Mai 1999: Silikon wird ins Blut ausgeschwitzt und verursacht Störungen bei der Trägerin und bei den Kindern
aus:
Esther Haas: Brustoperation. Die Mutter ist silikonkrank - und ihre Kinder? In: Beobachter 13/99, S.34-35
[Silikonimplantate als Prothese nach Gewichtsverlust]
"Vor elf Jahren jedoch war alles ganz anders. <Ich hatte 30 Kilo abgenommen. Dadurch waren meine Brüste in sich zusammengefallen.> Das gefiel auch ihrem Lebenspartner nicht. <Er ist ein ausgesprochener Busenfan und wünschte sich eine Operation.>"

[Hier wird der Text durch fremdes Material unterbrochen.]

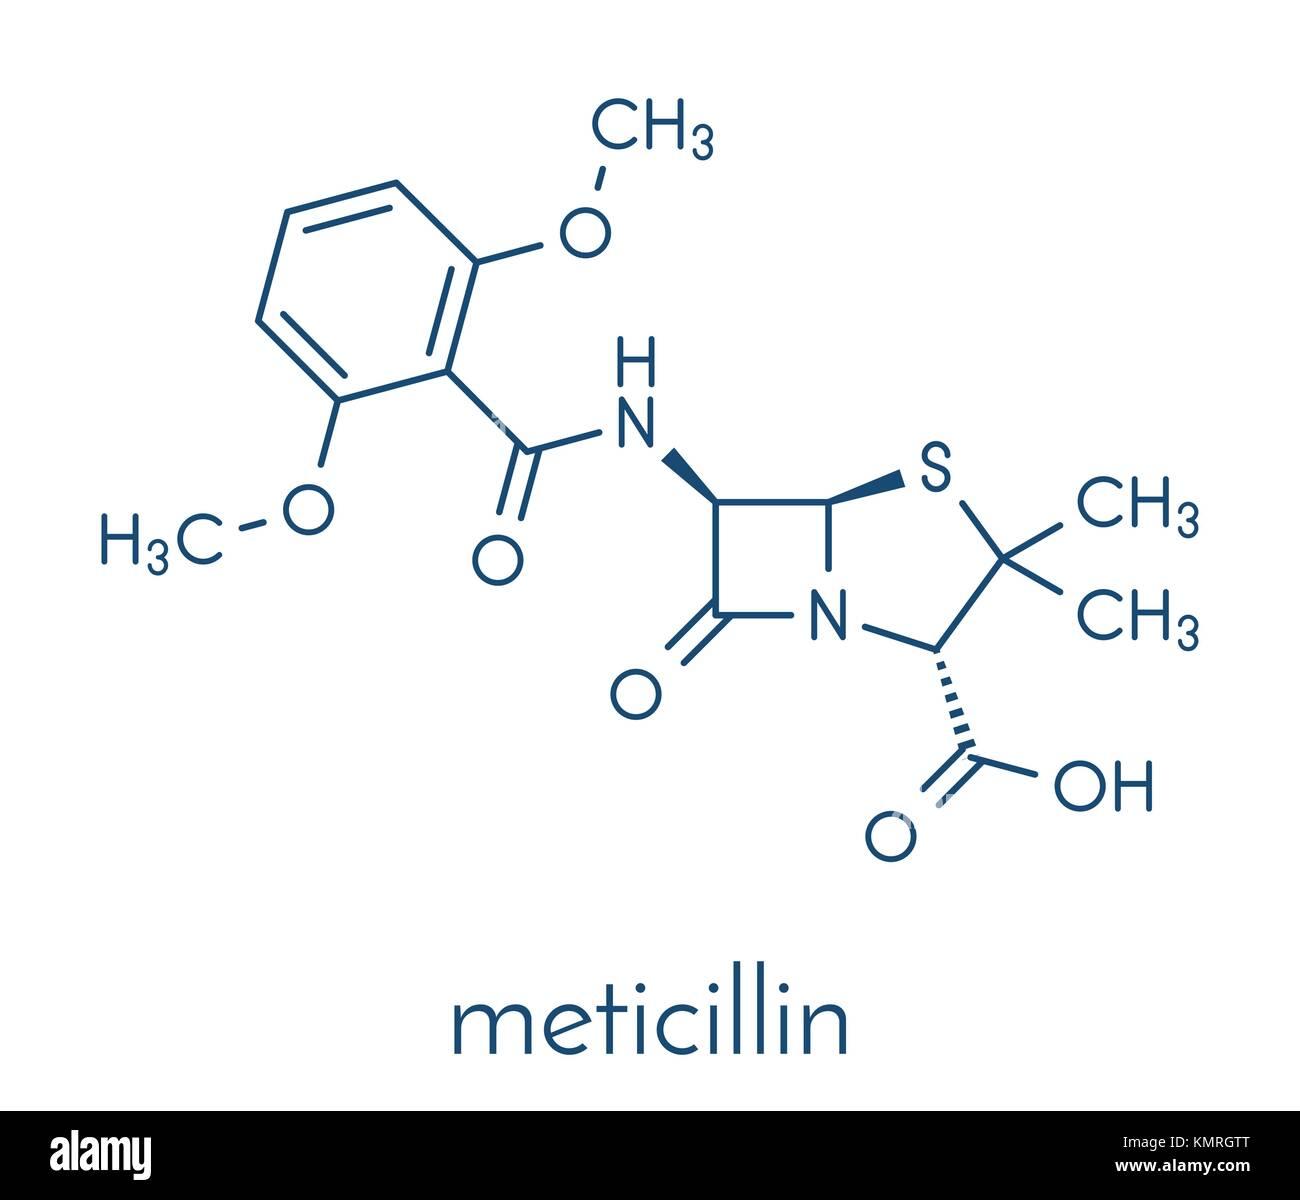 1aca96239901 Meticillin farmaci antibiotici (beta-lattamici classe) molecola. mrsa è  sinonimo di Staphylococcus aureus resistente alla meticillina. formula  scheletrico.

-- eine Frau lässt sich Silikonimplantate implantieren
"Dann wurde Susanne H. schwanger" und bekommt 3 Kinder in 4 Jahren: "1994 kam Alain auf die Welt, zwei Jhre später folgte Sabrina und 1998 Klaus. Alle drei Kinder hat Susanne H. mit den Brustprothesen [Silikonimplantaten] ausgetragen, geboren und gestillt - mit dem Segen der Ärzte. <Ich hatte überhaupt keinen Anlass, mir Sorgen zu machen. Damals wusste ich ja noch nicht, was es mit meinen Schmerzattacken auf sich hatte, die mich seit der letzten Schwangerschaft plagten.>
Die Attacken gehen vom Kreuz aus: <Der Schmerz zieht sich bis in die Oberschenkel, die ganz gefühllos werden. Mir versagen zeitweise die Beine.> Dazu kommen leichtere rheumaartige Schübe, die vor allem die Hände befallen. Nach solchen Attacken hat Susanne H. jeweils tagelang Schmerzen und ist auf starke Medikamente angewiesen."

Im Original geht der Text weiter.